Records from a data source:
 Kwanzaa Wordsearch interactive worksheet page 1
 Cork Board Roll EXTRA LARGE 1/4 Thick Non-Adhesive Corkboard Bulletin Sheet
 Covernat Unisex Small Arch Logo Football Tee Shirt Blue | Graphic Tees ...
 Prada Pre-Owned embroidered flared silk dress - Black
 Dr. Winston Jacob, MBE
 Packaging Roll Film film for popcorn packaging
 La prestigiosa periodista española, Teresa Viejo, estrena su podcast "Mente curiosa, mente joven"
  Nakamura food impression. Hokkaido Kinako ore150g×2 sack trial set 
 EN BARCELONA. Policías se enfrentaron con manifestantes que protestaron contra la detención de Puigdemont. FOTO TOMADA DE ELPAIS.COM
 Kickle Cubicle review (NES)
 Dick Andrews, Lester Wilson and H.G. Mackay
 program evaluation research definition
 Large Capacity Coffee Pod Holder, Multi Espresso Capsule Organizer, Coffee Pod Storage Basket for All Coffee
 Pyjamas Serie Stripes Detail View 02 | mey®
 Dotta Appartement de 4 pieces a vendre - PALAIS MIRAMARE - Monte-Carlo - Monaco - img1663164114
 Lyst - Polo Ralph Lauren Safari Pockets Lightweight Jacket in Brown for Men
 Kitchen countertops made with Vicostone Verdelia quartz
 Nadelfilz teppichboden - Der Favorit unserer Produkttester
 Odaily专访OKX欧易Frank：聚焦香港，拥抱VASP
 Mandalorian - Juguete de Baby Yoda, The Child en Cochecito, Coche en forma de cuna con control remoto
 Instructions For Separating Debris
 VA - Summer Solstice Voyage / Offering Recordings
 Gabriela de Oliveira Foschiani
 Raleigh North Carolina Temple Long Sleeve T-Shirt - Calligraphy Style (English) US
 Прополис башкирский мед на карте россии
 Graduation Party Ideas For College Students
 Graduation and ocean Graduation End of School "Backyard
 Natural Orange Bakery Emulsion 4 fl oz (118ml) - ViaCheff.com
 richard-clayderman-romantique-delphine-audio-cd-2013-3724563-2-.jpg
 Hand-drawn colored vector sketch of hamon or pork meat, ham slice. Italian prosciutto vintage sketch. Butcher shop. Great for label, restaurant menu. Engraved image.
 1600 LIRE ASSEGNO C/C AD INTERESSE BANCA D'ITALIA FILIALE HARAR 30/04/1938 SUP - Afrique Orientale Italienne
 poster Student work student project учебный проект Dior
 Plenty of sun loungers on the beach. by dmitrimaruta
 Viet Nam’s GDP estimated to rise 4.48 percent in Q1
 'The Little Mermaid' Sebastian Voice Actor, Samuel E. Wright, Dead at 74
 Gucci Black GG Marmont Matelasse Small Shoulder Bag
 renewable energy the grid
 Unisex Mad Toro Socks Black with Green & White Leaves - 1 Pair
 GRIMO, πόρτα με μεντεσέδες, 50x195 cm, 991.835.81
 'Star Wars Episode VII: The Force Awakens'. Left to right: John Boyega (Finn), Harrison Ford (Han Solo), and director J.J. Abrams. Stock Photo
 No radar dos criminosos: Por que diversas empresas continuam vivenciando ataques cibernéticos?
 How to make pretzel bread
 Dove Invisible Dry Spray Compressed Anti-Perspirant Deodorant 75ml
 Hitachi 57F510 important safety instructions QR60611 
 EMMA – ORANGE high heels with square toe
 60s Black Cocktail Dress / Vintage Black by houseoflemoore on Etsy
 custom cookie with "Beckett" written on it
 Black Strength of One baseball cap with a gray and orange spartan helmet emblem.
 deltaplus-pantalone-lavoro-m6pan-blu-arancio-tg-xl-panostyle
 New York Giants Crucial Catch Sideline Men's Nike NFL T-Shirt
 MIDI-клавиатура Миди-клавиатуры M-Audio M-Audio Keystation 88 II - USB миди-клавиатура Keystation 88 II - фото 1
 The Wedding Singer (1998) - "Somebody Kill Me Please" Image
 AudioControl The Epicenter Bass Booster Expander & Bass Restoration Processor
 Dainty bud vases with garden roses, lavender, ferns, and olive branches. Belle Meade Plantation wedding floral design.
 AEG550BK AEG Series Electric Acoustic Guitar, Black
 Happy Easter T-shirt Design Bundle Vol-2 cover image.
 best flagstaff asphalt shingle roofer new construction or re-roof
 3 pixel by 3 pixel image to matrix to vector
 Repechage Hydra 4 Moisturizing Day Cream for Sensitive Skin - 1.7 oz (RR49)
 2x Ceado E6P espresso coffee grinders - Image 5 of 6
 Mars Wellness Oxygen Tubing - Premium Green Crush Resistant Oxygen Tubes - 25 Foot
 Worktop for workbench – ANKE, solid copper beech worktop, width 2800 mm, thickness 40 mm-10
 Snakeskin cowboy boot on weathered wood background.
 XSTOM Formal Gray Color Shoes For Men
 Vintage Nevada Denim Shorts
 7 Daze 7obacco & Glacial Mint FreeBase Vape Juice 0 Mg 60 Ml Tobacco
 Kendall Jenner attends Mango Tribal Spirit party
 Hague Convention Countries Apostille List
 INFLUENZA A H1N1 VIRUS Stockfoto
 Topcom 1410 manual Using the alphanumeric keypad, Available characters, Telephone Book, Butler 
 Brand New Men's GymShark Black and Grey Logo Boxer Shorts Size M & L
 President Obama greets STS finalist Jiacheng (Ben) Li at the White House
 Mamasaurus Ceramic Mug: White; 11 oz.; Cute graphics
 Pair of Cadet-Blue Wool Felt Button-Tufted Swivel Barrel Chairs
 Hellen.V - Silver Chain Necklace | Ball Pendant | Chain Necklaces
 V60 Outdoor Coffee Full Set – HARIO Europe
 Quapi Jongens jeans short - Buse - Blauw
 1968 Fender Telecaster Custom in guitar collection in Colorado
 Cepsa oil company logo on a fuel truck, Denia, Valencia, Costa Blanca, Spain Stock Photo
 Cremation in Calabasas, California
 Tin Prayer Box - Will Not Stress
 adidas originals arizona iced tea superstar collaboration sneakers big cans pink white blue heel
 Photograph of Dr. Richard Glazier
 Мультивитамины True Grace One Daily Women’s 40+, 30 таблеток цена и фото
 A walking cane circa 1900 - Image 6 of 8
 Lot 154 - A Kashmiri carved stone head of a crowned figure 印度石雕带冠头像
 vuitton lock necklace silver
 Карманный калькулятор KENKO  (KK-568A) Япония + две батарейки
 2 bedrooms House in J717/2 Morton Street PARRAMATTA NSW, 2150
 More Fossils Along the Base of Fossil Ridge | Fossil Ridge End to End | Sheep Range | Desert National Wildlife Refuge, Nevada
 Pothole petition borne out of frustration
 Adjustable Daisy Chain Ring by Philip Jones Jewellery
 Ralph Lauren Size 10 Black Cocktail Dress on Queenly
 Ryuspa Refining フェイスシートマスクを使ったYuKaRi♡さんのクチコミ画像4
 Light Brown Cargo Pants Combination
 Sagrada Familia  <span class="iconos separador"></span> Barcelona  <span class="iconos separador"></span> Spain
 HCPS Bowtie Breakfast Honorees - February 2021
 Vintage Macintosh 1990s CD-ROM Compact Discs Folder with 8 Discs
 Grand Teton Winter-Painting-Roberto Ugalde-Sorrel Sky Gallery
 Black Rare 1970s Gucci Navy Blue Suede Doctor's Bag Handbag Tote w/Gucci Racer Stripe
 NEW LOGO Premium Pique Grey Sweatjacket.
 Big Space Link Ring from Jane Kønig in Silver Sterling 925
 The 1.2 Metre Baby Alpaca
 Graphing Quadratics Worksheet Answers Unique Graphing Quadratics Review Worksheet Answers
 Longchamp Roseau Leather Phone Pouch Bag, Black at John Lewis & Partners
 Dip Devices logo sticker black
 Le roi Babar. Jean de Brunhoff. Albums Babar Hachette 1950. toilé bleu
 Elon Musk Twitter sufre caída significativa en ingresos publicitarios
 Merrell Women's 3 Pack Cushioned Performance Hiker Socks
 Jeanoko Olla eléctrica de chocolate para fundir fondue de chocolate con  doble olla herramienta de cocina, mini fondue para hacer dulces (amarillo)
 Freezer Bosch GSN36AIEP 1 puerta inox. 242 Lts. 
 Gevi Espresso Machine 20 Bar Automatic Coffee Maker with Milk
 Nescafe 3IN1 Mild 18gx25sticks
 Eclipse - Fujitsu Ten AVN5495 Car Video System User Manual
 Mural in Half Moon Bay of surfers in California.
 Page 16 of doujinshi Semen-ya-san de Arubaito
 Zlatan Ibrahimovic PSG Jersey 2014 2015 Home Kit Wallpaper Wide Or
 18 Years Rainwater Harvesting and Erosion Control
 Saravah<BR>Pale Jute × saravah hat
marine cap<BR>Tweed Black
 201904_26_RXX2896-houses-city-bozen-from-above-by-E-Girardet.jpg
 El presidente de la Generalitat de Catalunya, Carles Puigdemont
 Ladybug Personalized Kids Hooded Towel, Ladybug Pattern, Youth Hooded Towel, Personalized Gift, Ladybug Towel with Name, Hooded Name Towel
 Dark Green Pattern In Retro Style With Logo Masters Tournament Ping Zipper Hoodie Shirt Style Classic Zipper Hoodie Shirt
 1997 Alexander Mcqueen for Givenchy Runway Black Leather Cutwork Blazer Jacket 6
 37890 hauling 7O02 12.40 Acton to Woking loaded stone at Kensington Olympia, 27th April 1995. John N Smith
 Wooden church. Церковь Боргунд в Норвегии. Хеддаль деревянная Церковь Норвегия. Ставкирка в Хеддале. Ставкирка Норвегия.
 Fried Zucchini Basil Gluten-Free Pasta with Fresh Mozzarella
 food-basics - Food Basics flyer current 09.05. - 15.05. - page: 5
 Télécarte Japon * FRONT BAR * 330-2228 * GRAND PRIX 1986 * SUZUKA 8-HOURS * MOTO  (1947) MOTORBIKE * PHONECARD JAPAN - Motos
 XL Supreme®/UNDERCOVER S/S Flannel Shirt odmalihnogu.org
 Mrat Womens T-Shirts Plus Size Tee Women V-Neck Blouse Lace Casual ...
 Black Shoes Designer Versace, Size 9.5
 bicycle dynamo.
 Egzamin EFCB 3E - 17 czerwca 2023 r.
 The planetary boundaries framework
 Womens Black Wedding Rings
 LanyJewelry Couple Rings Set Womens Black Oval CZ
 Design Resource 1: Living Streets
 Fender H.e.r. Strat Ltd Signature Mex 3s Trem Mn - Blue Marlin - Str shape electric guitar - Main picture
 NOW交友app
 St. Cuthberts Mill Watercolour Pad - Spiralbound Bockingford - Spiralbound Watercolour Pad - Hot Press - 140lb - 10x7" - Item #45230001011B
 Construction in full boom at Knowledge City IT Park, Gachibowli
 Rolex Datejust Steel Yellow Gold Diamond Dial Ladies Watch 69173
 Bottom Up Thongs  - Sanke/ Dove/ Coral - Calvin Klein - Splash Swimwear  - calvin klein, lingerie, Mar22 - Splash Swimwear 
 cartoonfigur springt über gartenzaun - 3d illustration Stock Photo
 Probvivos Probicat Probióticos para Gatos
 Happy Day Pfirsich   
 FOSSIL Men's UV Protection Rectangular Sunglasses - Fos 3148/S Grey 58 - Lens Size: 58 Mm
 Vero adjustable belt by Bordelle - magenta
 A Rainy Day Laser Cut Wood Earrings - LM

Work required: Beginning at the line above with "Wooden church. Церковь" and finishing at the line with "Télécarte Japon *", return each line exactly and return nothing else.

Exercise response:
 Wooden church. Церковь Боргунд в Норвегии. Хеддаль деревянная Церковь Норвегия. Ставкирка в Хеддале. Ставкирка Норвегия.
 Fried Zucchini Basil Gluten-Free Pasta with Fresh Mozzarella
 food-basics - Food Basics flyer current 09.05. - 15.05. - page: 5
 Télécarte Japon * FRONT BAR * 330-2228 * GRAND PRIX 1986 * SUZUKA 8-HOURS * MOTO  (1947) MOTORBIKE * PHONECARD JAPAN - Motos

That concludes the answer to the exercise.